A cryptographic issue

The cryptographic issue is located in classes/jwt.php in the signing function:

public static function signature($data) {
  return hash("sha256","donth4ckmebr0".$data);
}

Here we can see that the application is using a hash instead of an HMAC. This creates multiple issues:

  • It's likely to be vulnerable to Length Extension.
  • It's not the RFC way to sign a JWT token. This implementation will not work with other applications.
A signature bypass

The signature bypass is located in classes/jwt.php:

public static function verify($auth) {
  list($h64,$d64,$sign) = explode(".",$auth);
  if (!empty($sign) and (JWT::signature($h64.".".$d64) != $sign)) {
    die("Invalid Signature");
}

We can see that the application gets three elements from the $auth variable:

  • $h64.
  • $d64.
  • $sign.

Then it checks the signature $sign using: JWT::signature($h64.".".$d64) != $sign. However, it only checks the signature if one is provided: if (!empty($sign) and....

An attacker can provide a malicious $auth variable that doesn't contain a signature. This will allow them to bypass the signature mechanism.

An authentication bypass

The authentication bypass is based on a real vulnerability in the Play framework covered in another PentesterLab exercise: Play Session Injection.

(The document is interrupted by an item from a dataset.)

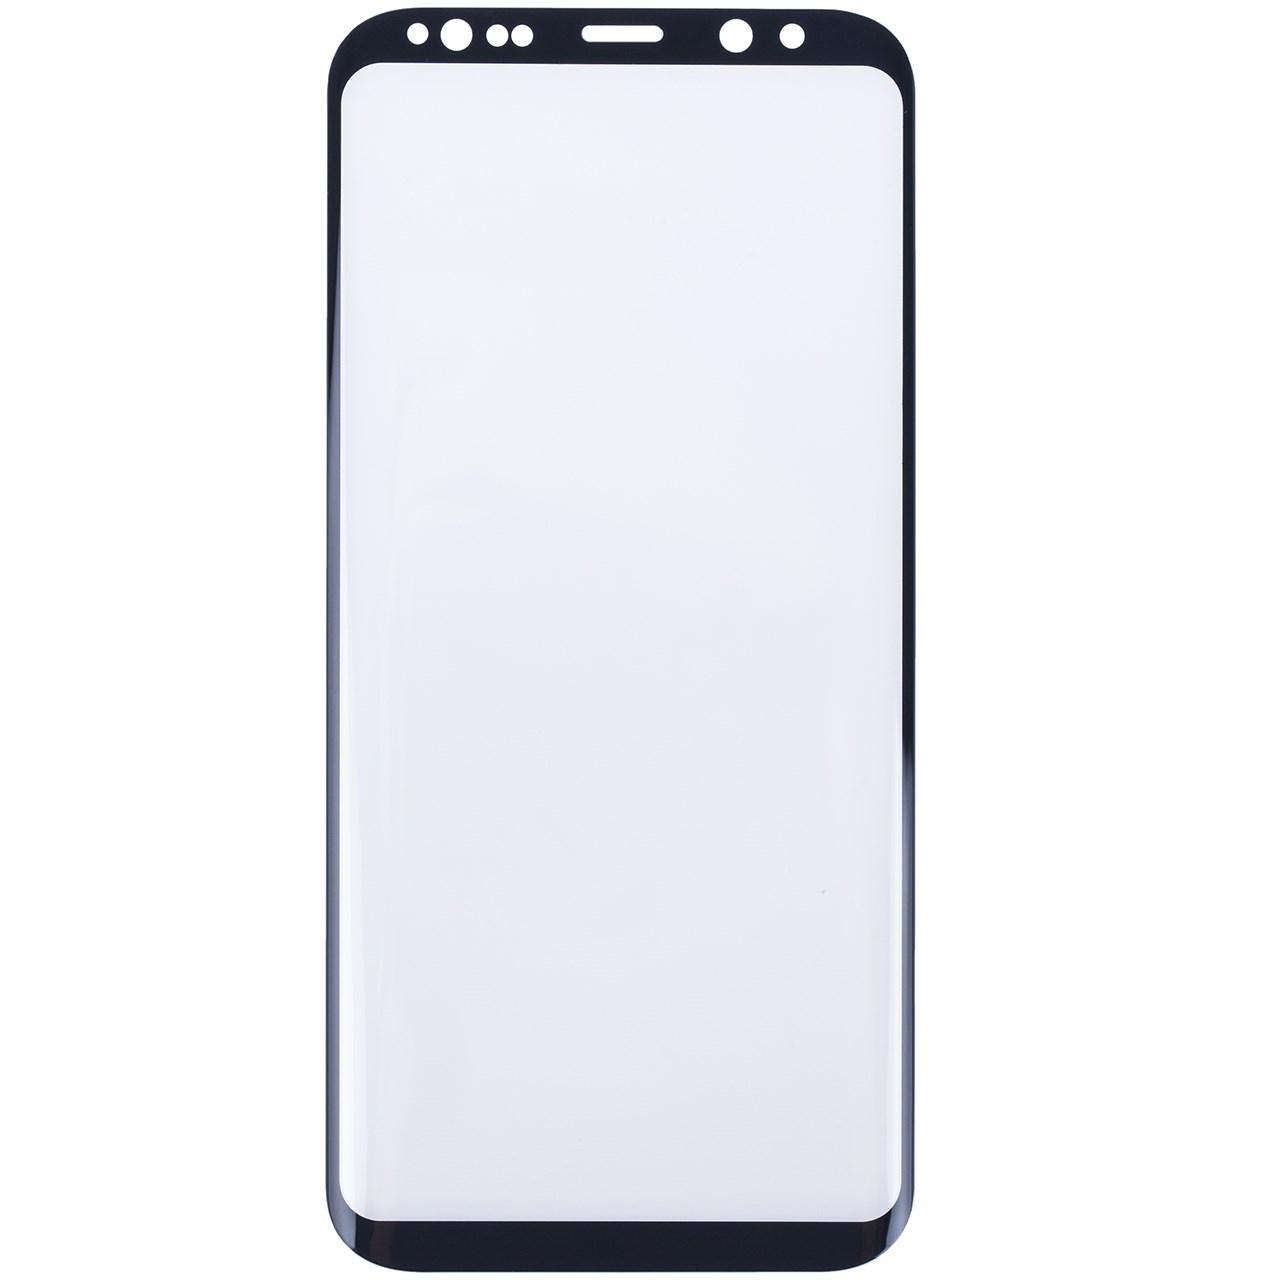 محافظ صفحه نمایش آکی مدل SP-G28 مناسب برای گوشی موبایل سامسونگ Galaxy S8 Plus

Due to the weird JSON parser:

public static function parse_json($str) {
  $data = explode(",",rtrim(ltrim($str, '{'), '}'));
  $ret = array();
  foreach($data as $entry) {
    list($key, $value) =  explode(":",$entry);
    $key = rtrim(ltrim($key, '"'), '"');
    $value = rtrim(ltrim($value, '"'), '"');
    $ret[$key] = $value;
  }
  return $ret;
}

and the way the JSON is created:

$header = str_replace("=","",base64_encode('{"alg":"HS256","iat":'.time().'}'));
$token = "{";
foreach($data as $key=>$value) {
  $token.= '"'.$key.'":"'.$value.'",';
}
$token .= "}";

It's possible to create a malicious user named test","username":"admin to become the admin in the application.

An authorization bypass

The authorization bypass is very simple. When a file is uploaded, it gets saved in the directory: /files/[USERNAME]/[FILENAME]:

public static function addfile($user) {
  $file = "files/".$user."/".basename($_FILES["file"]["name"]);
  if (!preg_match("/\.pdf/", $file)) {
    return  "Only PDF are allowed";
  } elseif (!move_uploaded_file($_FILES["file"]["tmp_name"], $file)) {
    return "Sorry, there was an error uploading your file.";
  }

It's trivial for an attacker to guess [USERNAME] and [FILENAME] to gain access to other users' files. The developer should always implement some form of access control, or make the links impossible to guess.

A remote Code Execution

The RCE is located in the addfile function:

public static function addfile($user) {
  $file = "files/".$user."/".basename($_FILES["file"]["name"]);
  if (!preg_match("/\.pdf/", $file)) {
    return  "Only PDF are allowed";
  } elseif (!move_uploaded_file($_FILES["file"]["tmp_name"], $file)) {
    return "Sorry, there was an error uploading your file.";
  }

We already know that the uploaded files are stored in the web root. We can also see that the developer restricts the uploadable file type to PDF (.pdf). However, the regular expression is missing a $ to match the end of the string. As a result, it's possible for an attacker to upload a file named exec.pdf.php. As the file's extension is .php and the file is in the web root, it will get executed when accessed by the attacker.

Conclusion

This exercise showed you how to perform your first code review to find potential security issues.

I hope the course provides you with enough information and the methodology to get started. As always with security, practice makes perfect. Try to regularly review some code, this could be from:

  • Changes/patches introduced to fix a CVE.
  • Applications you use every day.
  • Applications in a weird language.

Now it's time to apply what you've just learned!

I hope you enjoyed learning with PentesterLab.